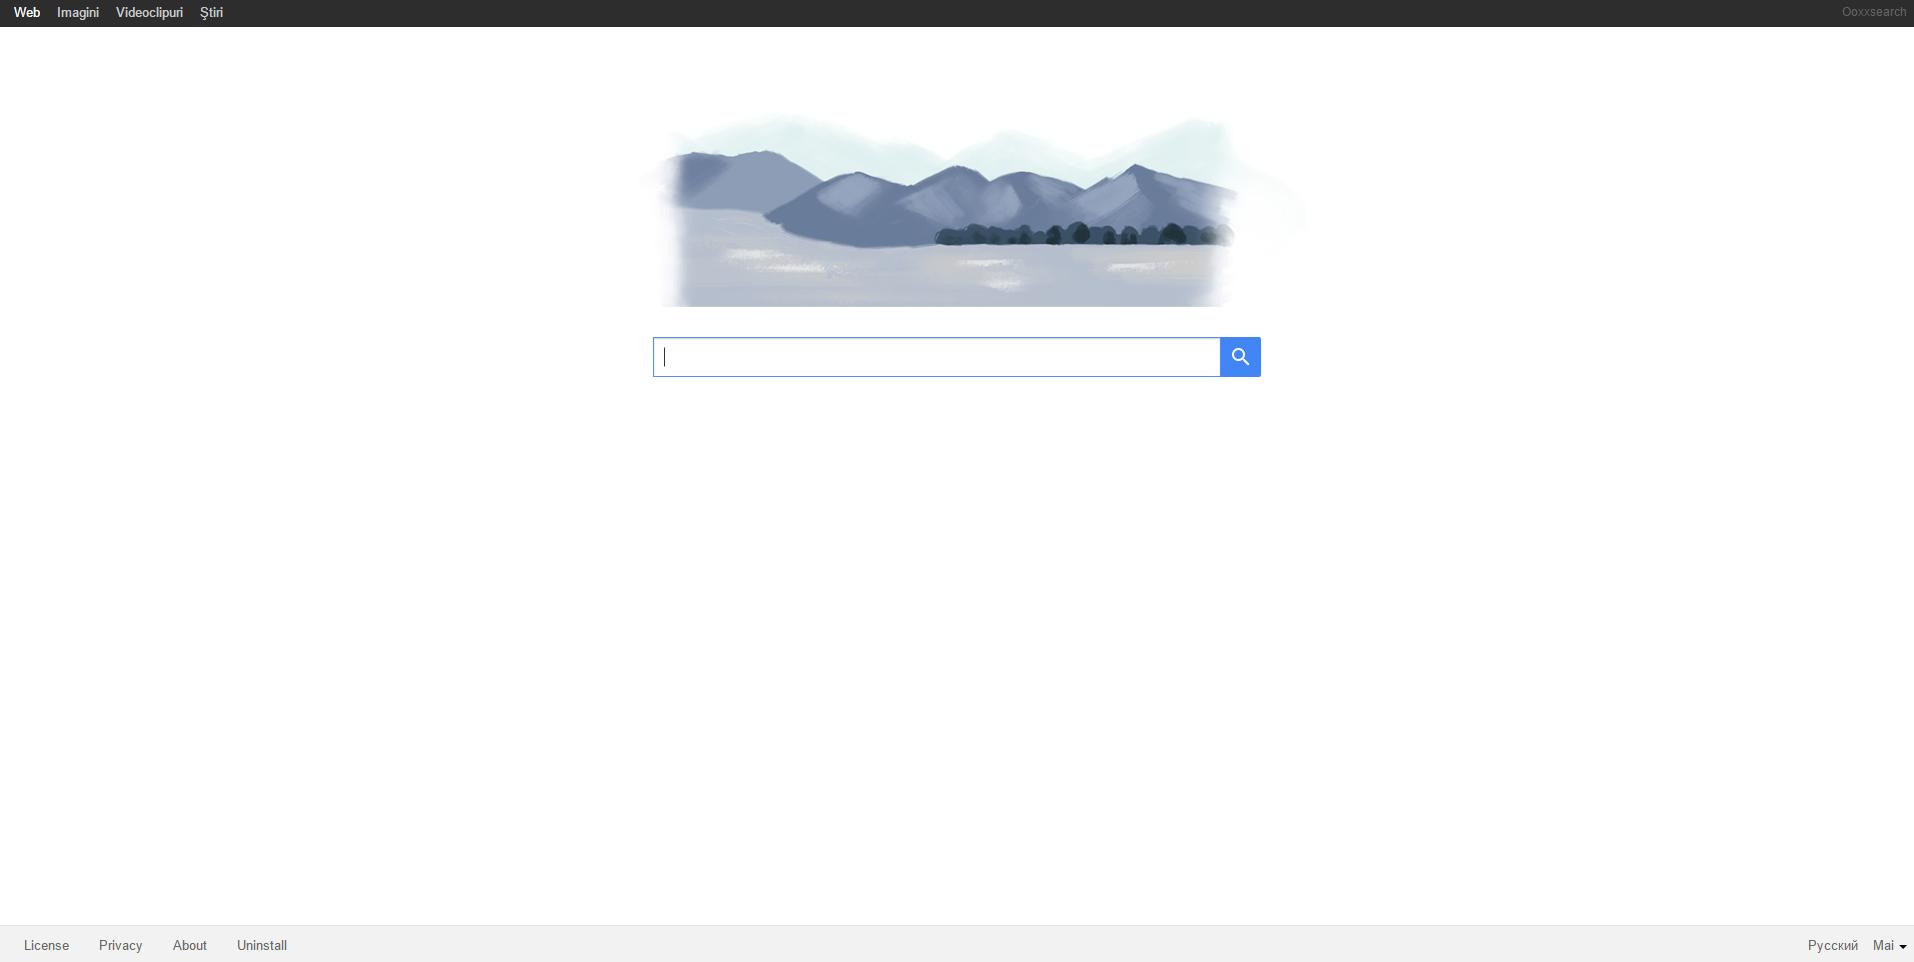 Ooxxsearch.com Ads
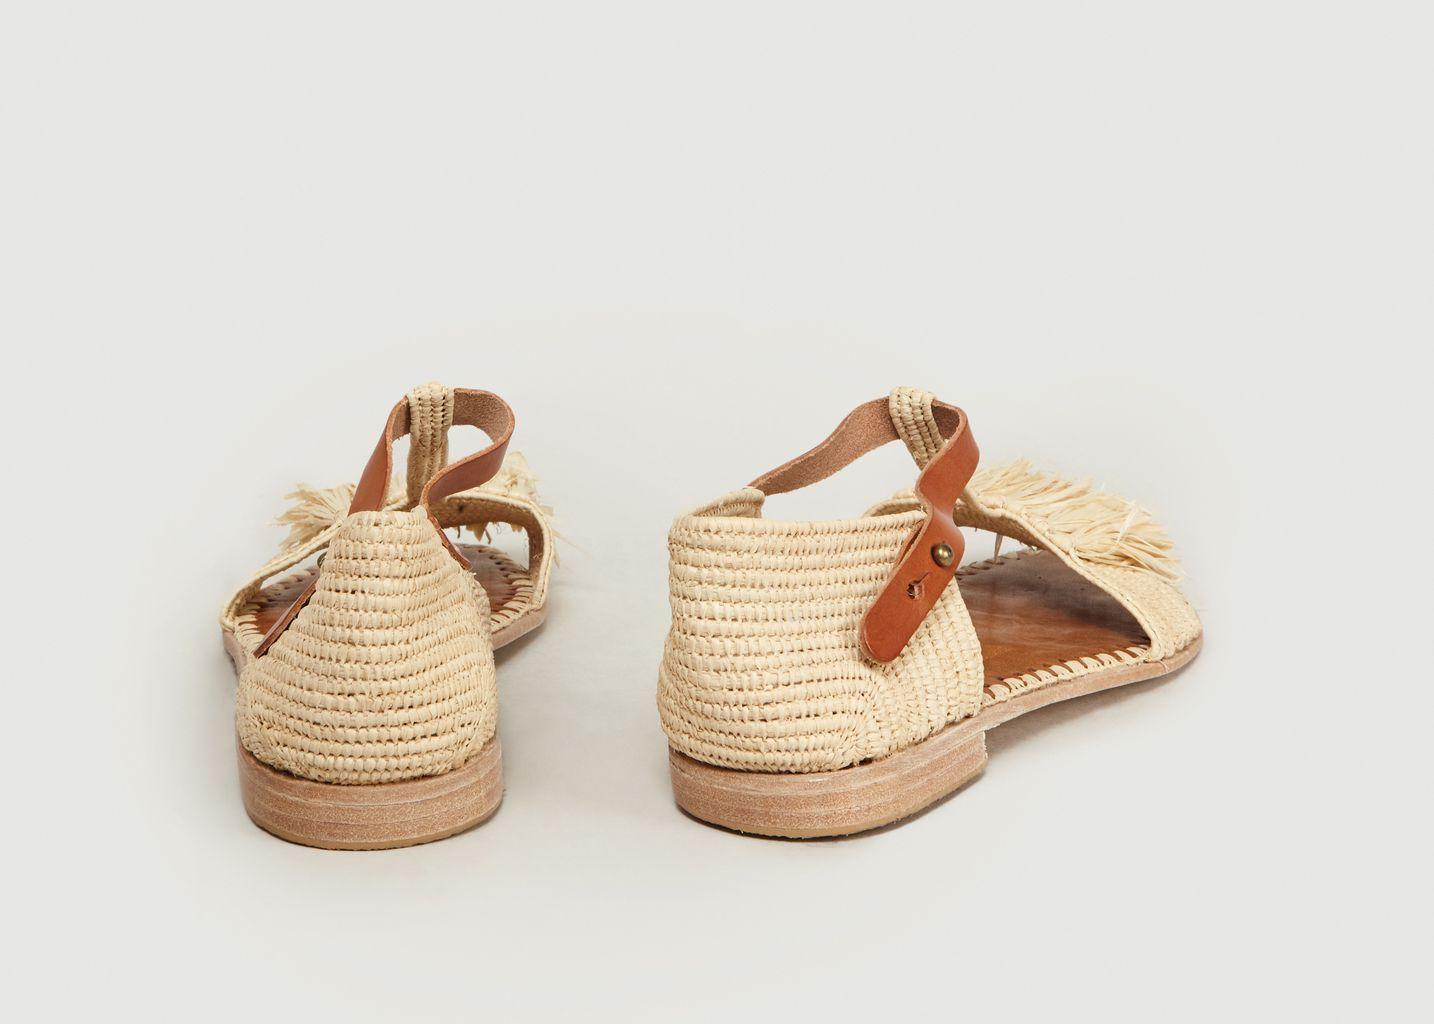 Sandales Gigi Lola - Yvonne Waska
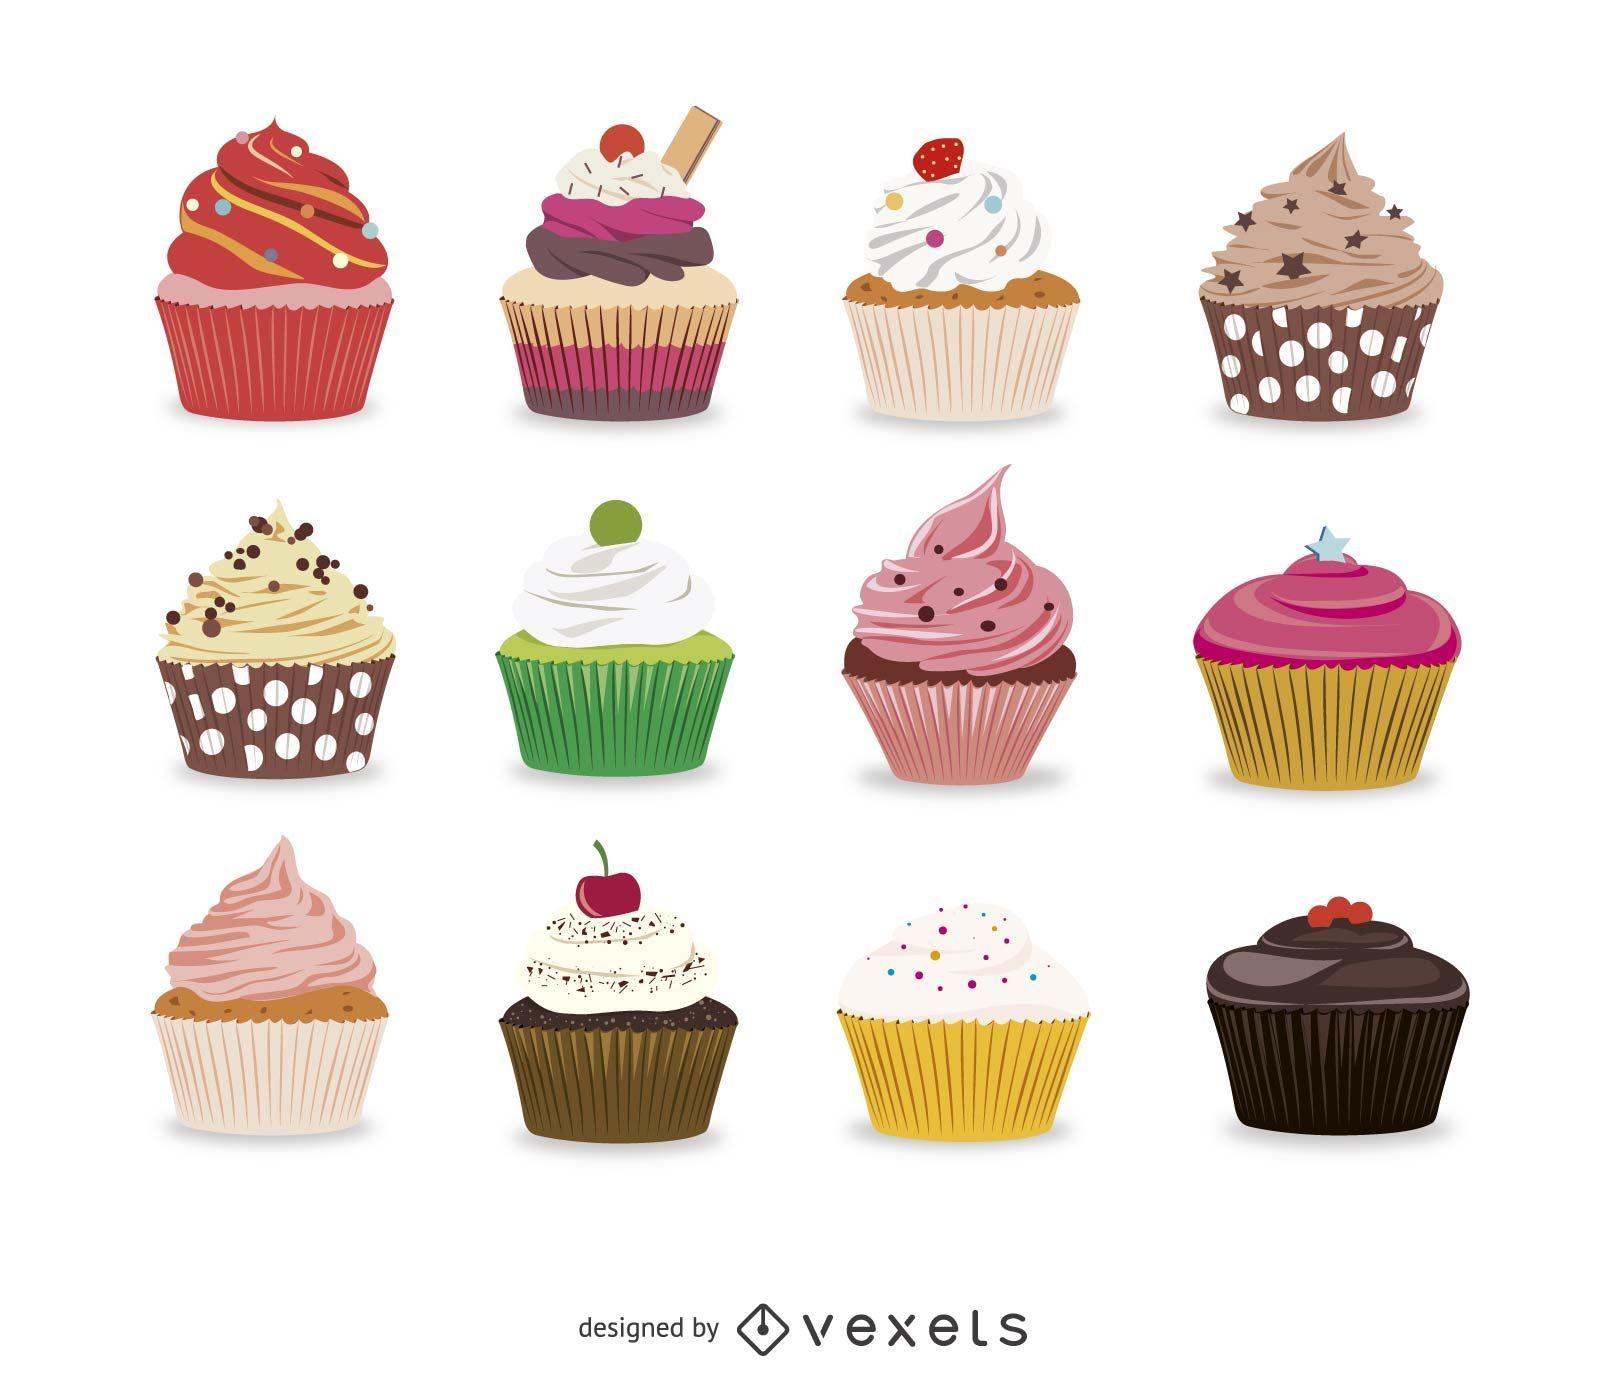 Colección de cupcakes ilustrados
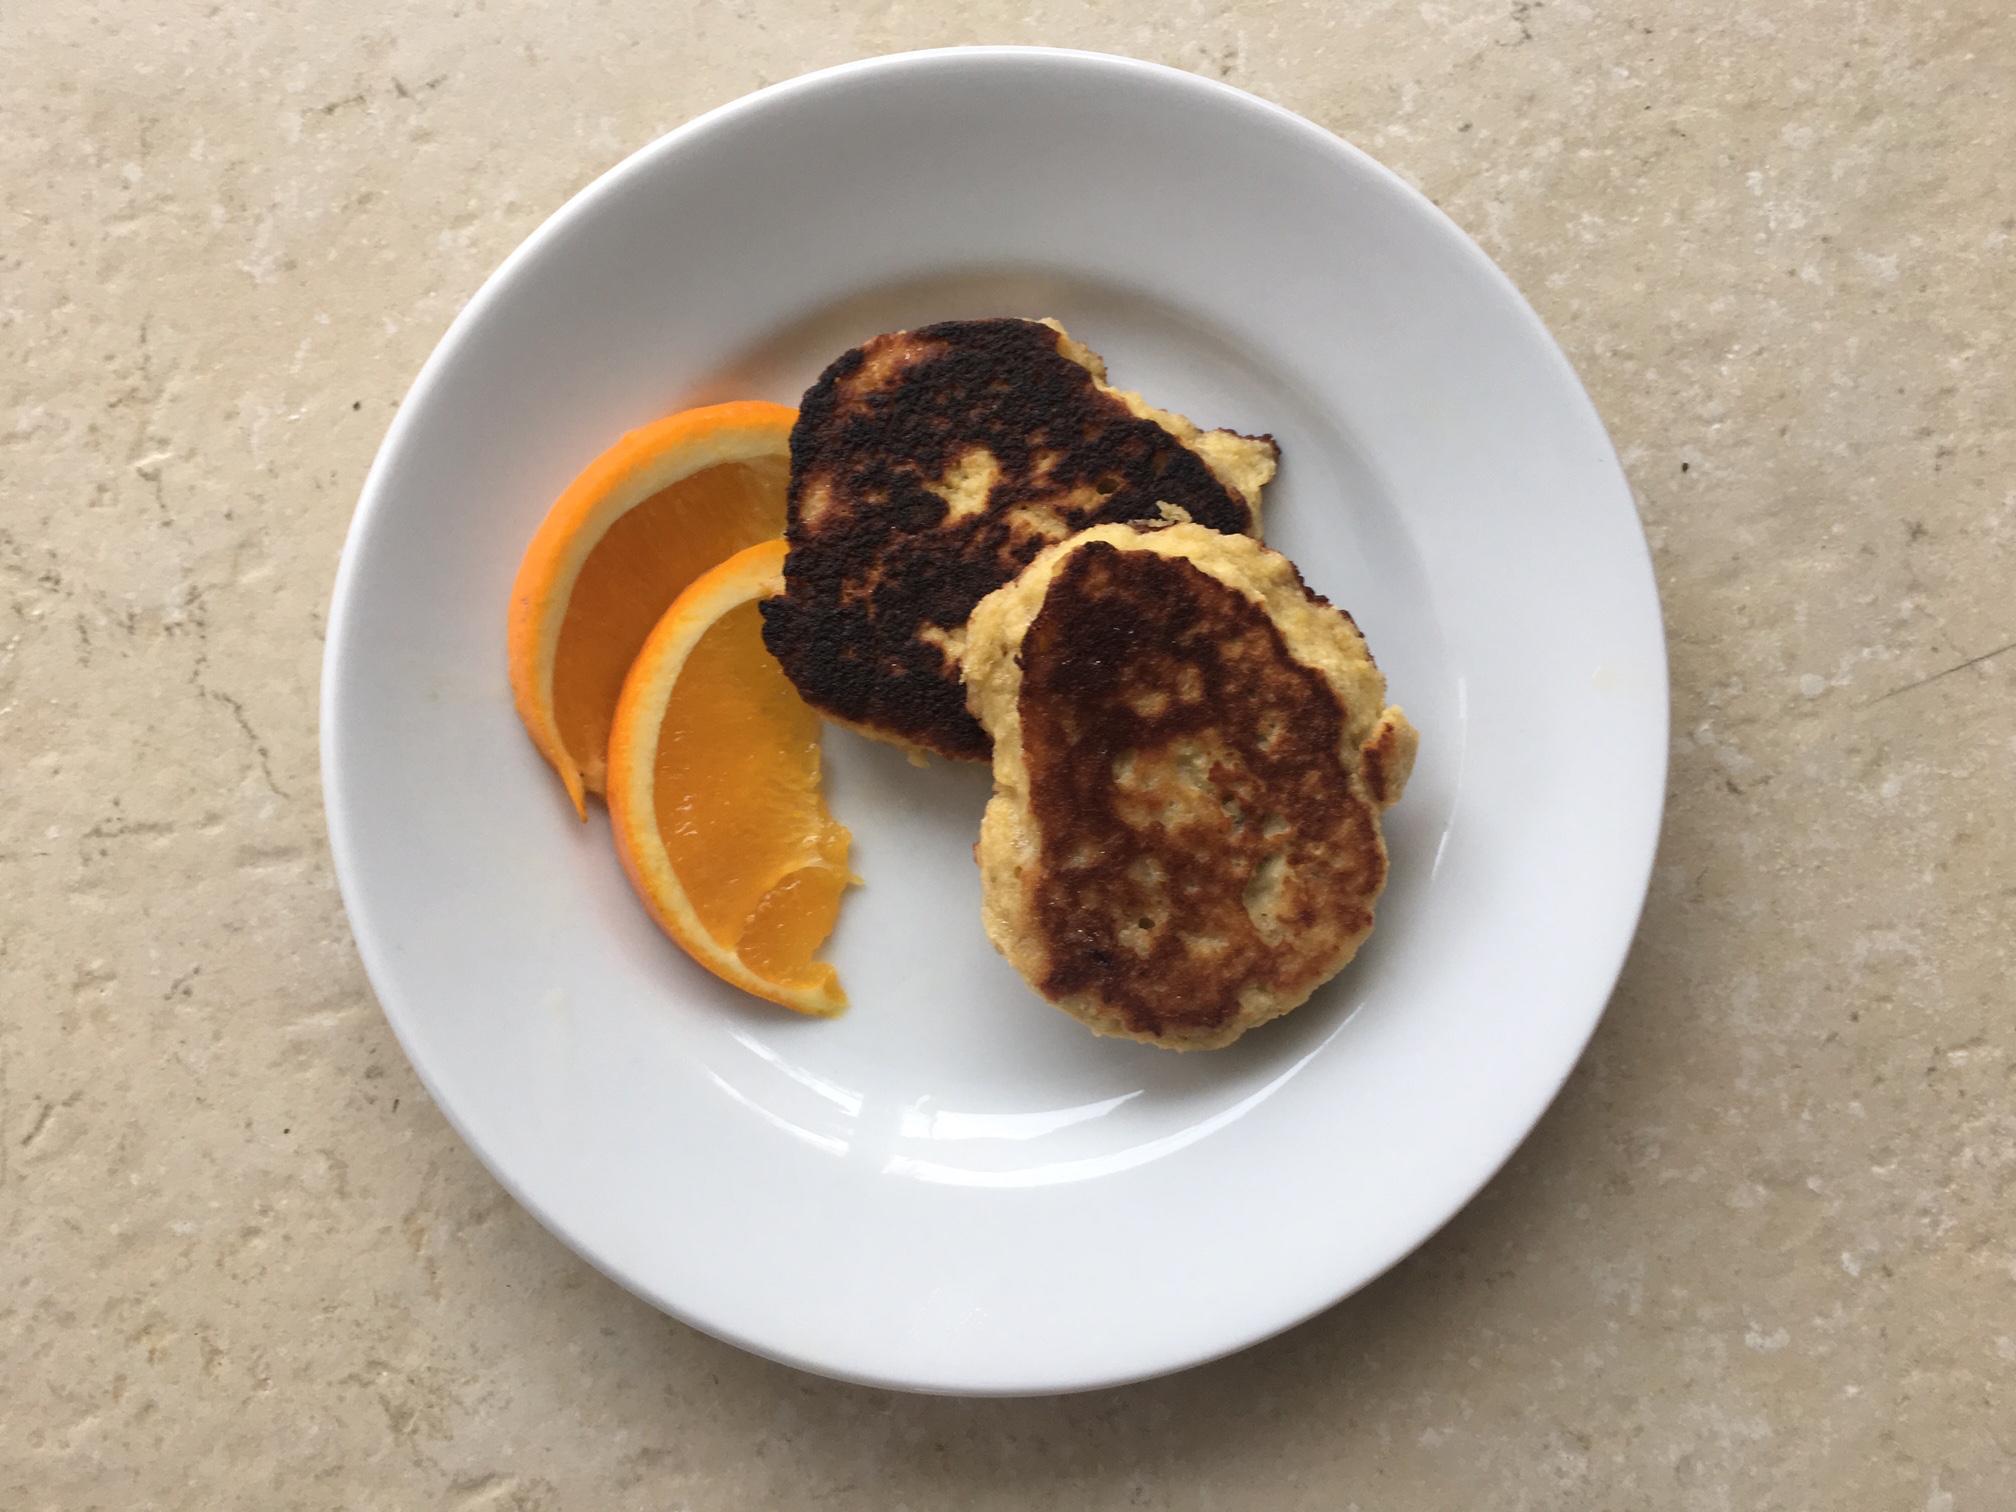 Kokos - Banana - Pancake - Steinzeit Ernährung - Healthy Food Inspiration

## PROBLEM DESCRIPTION
An exact copy of the listing is needed, minus its pictures.

## YOUR RESPONSE
 Ooxxsearch.com Ads
 Sandales Gigi Lola - Yvonne Waska
 Colección de cupcakes ilustrados
 Kokos - Banana - Pancake - Steinzeit Ernährung - Healthy Food Inspiration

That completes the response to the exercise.